Lagi pula, Teguh mengingatkan status Jakarta dan kota-kota penyangga masih berstatus pembatasan aktivitas masyarakat.

"Setiap daerah yang telah mendapat status PSBB tidak bisa melakukan pemelajaran secara tatap muka," ujarnya.

Selain itu, Ombudsman Jakarta Raya mengimbau Satgas masing-masing daerah berkonsultasi terlebih dahulu dengan Kementerian Kesehatan mengenai kajian tentang tren penularan kasus positif Covid-19.

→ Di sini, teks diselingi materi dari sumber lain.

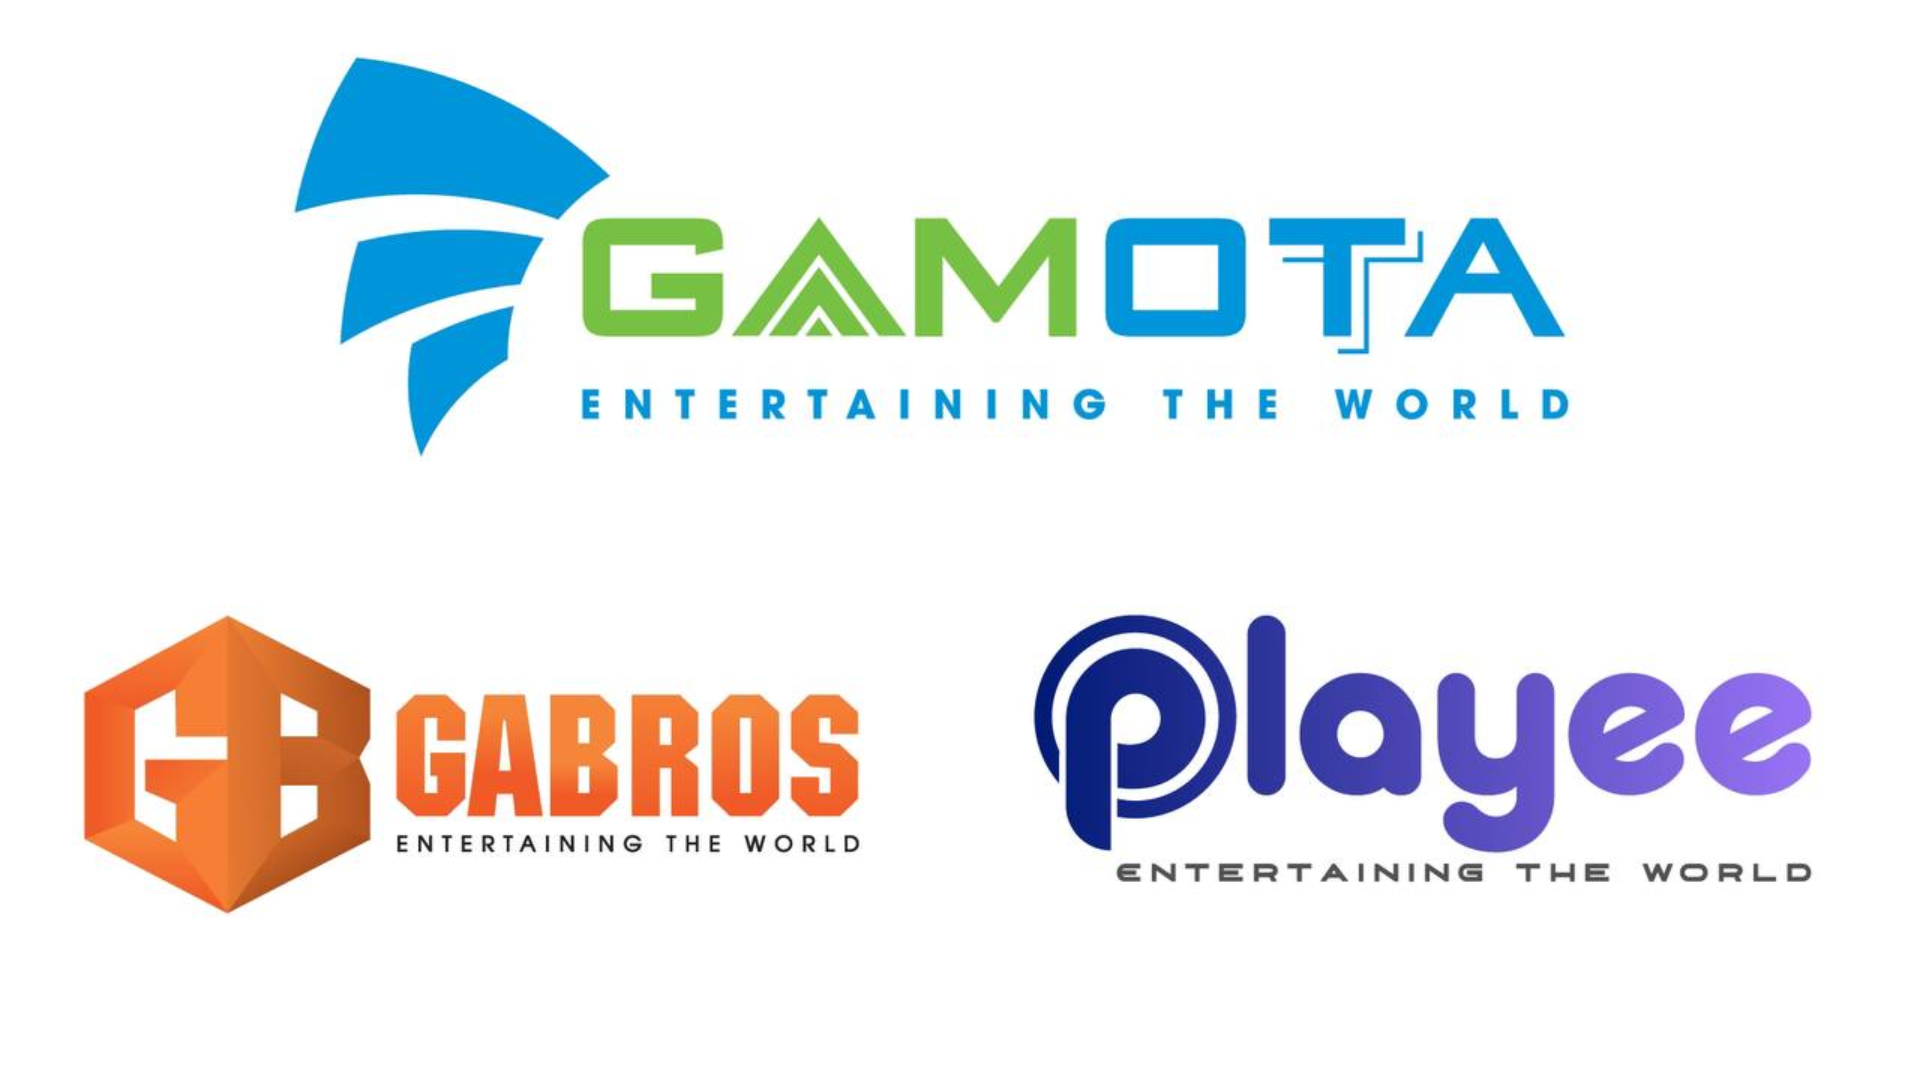 Playee & Gabros – The Ultimate Gaming Ecosystem
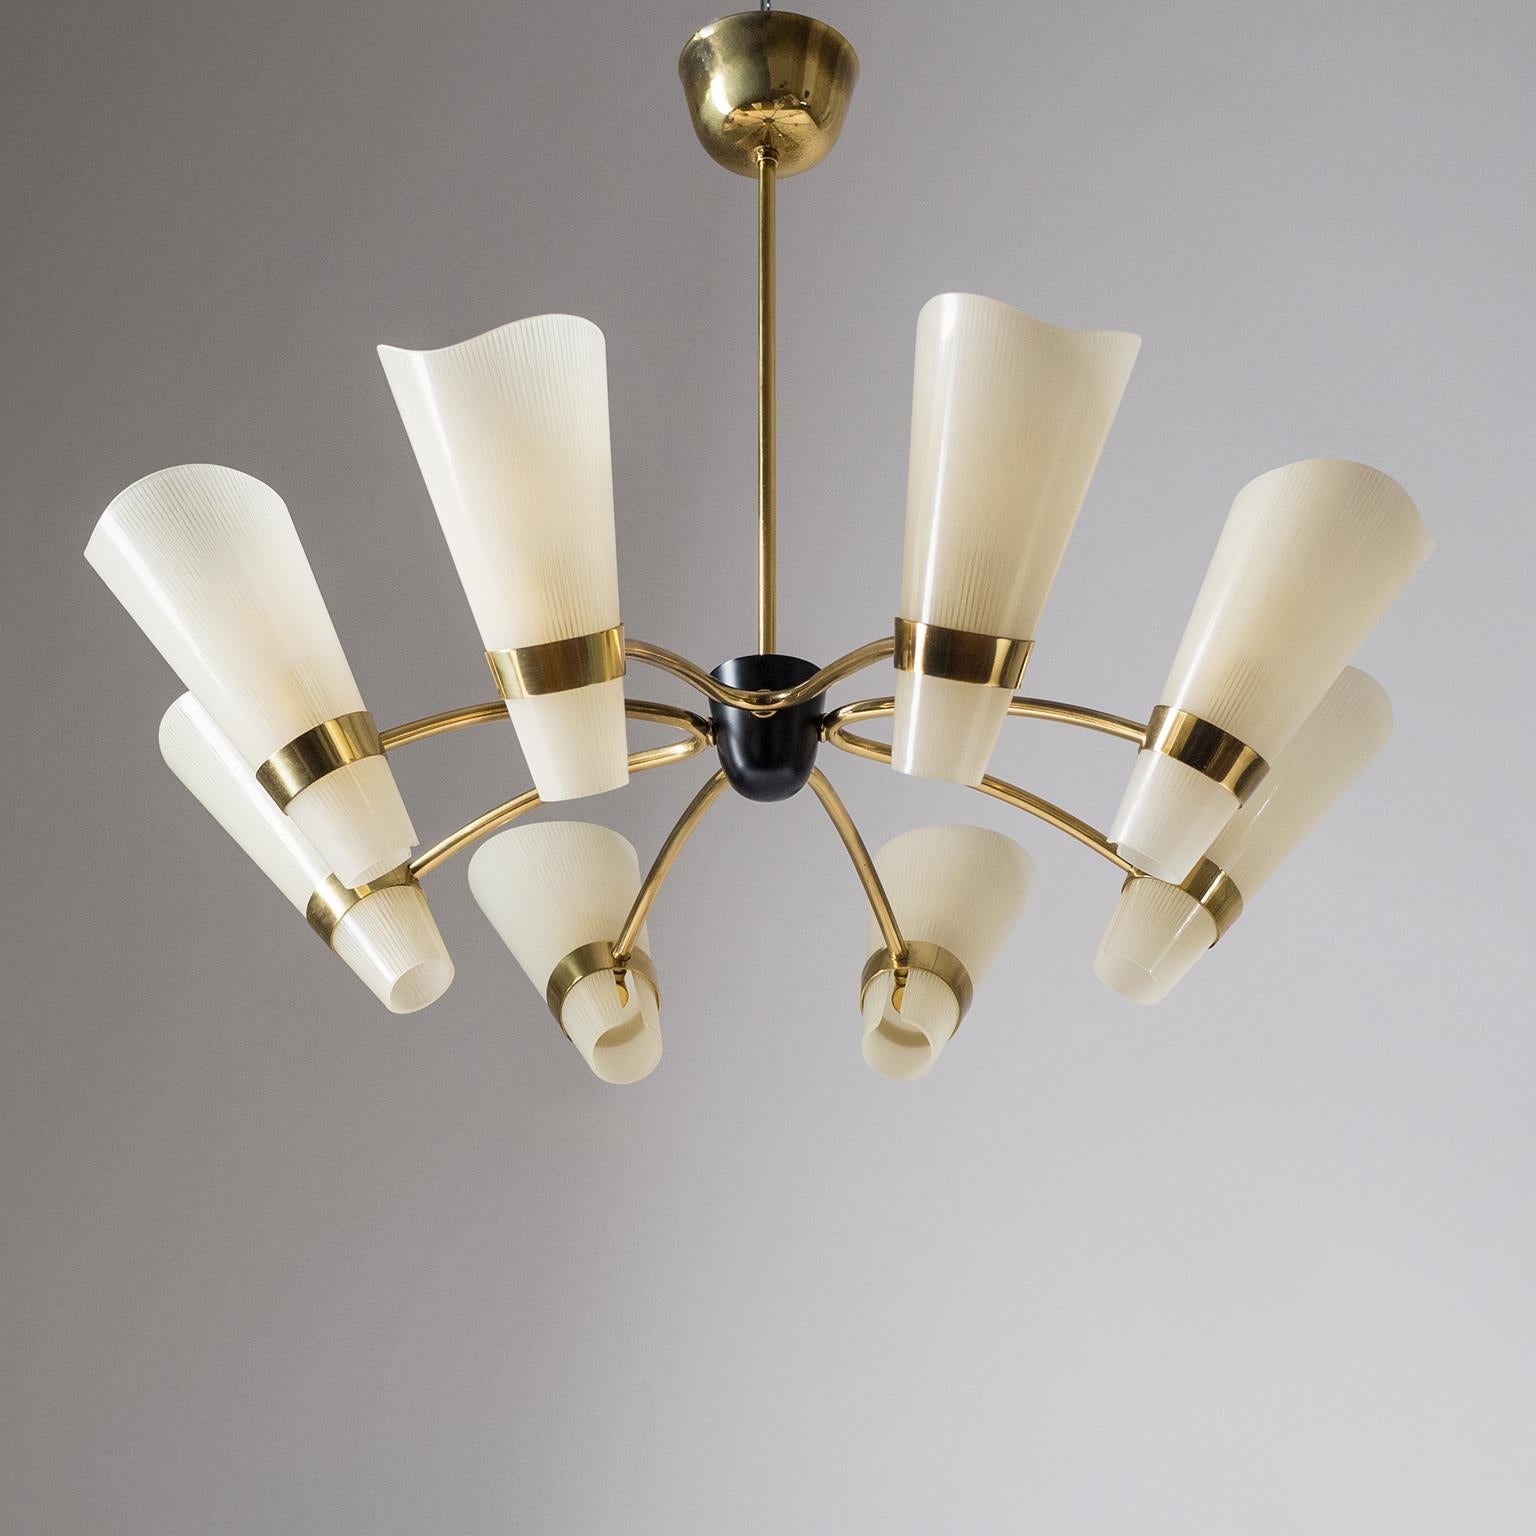 Lovely eight-arm brass chandelier from the late 1950s or early 1960s. The glass diffusers are enameled in ivory with a pin-stripe pattern and have a satin finish on the inside. Very good original condition with a light patina on the brass. Eight

"Kajian tersebut mencakup angka transmisi dan dampak Covid-19 di wilayah tersebut, wilayah sebaran, kemampuan sarana dan prasarana kesehatan di wilayah menyiapkan kajian terlebih dahulu sebagai dasar para kepala daerah dalam mengambil kebijakan," jelasnhya.

Saksikan Video Pilihan Berikut Ini:

2 dari 2 halaman

Tak Hanya Merujuk Data Harian

Petugas disemprot disinfektan sebelum menjemput pasien Covid-19 menggunakan bus sekolah di Puskesmas Jatinegara, Jakarta, Selasa (22/9/2020). Bus sekolah Pemprov DKI kini dialihfungsikan menjadi kendaraan untuk mengantar pasien Covid-19 berstatus OTG menuju Wisma Atlet. (merdeka.com/Imam Buhori)

Pengingat juga datang dari epidemiolog Indonesia yang mengajar di Universitas Griffith, Australia, Dicky Budiman yang menilai zonasi sebagai pertimbangan dibukanya sekolah tidak tepat.

"Karena mengingat zonasi ini tidak melibatkan indikator test positive rate yang memadai. Jadi zonasi tidak serta merta bisa jadi rujukan valid," ujar Dicky saat berbincang dengan merdeka.com.

Pertimbangan penting bagi pemerintah pusat dan daerah jika mengizinkan kembali belajar mengajar dilakukan di kelas adalah persentase positivity rate testing, ketersisian rumah sakit oleh pasien Covid-19.

Selain itu, Dicky mengingatkan pemantauan tingkat positif Covid-19 perlu dilakukan setiap dua minggu. Sehingga tidak hanya merujuk dengan data harian saja.

Mengingat jumlah kasus yang dipublikasi tidak mencerminkan kondisi sebenarnya, Dicky mengingatkan seluruh pemangku kebijakan berhati-hati memutuskan para murid dan guru bisa kembali bersekolah.

"Situasi ini masih sangat serius jadi harus sangat selektif yang mana yang memang harus dan bisa tatap muka dengan penguatan standar pencegahan penularan Covid-19, dan mana sekolah yang bisa secara daring," jelasnya.